Now just to look back at which label belongs to which signature, and see what patterns may exist.

In [8]:
cluster = pd.DataFrame(data=estimator.labels_,index=sig_df['Signature'])
cluster.columns=['KMeans_Cluster_ID']
cluster.head(n=10)
Out[8]:
KMeans_Cluster_ID
Signature
m1A_AAAAA 0
m1A_ACAAA 2
m1A_AGAAA 1
m1A_ATAAA 0
m1A_CAAAA 0
m1A_CCAAA 5
m1A_CGAAA 1
m1A_CTAAA 0
m1A_GAAAA 0
m1A_GCAAA 2
In [9]:
cluster[cluster['KMeans_Cluster_ID']==1]
Out[9]:
KMeans_Cluster_ID
Signature
m1A_AGAAA 1
m1A_CGAAA 1
m1A_TGAAA 1
m1A_AGAAT 1
m1A_CGAAT 1
m1A_TGAAT 1
m1A_AGACA 1
m1A_CGACA 1
m1A_TGACA 1
m1A_AGACT 1
m1A_CGACT 1
m1A_GGACT 1
m1A_TGACT 1
m1A_AGATA 1
m1A_CGATA 1
m1A_TGATA 1
m1A_CGATG 1
m1A_TGATG 1
m1A_AGATT 1
m1A_CGATT 1
m1A_TGATT 1

This data represents the ID label for black points, which represent a high G ratio with low C and T.

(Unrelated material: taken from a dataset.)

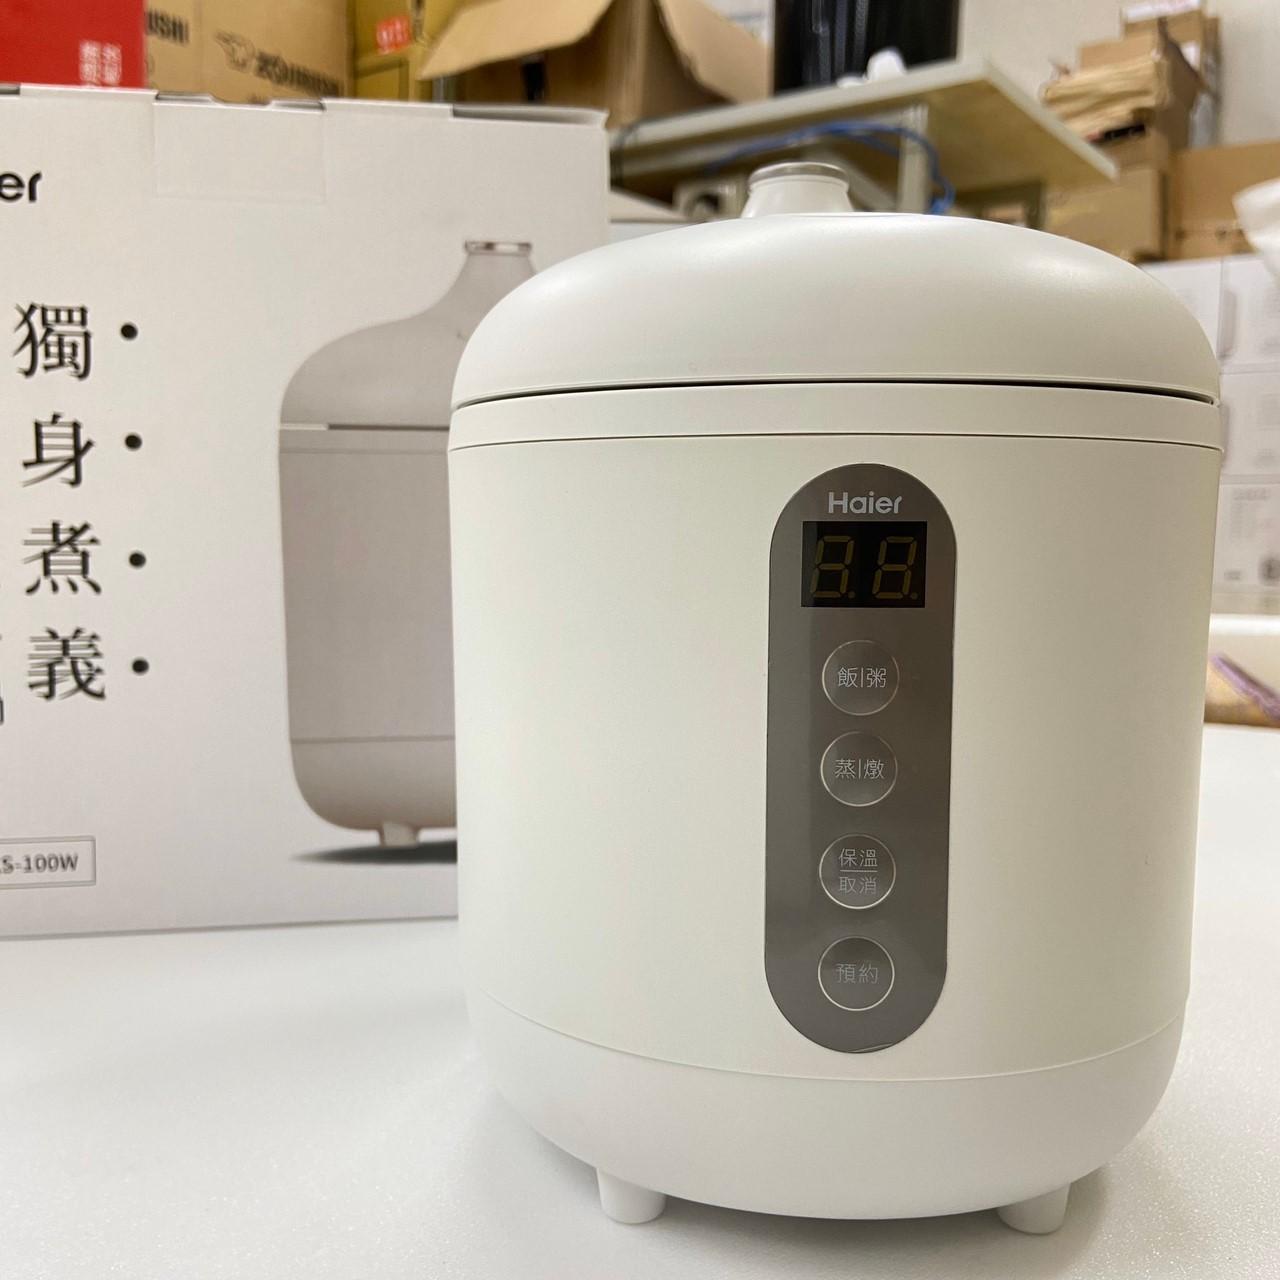 外星人觸角的電子鍋【Haier海爾迷你多功能電子鍋】HKS-100

For the most part, upon visual inspection, most of these seem to contain a G in the second position, so our context appears to be:

NG(m1A)NN

Possibly signifying that this nearest neighbor effect causes a G to be incorporated at the site of modification.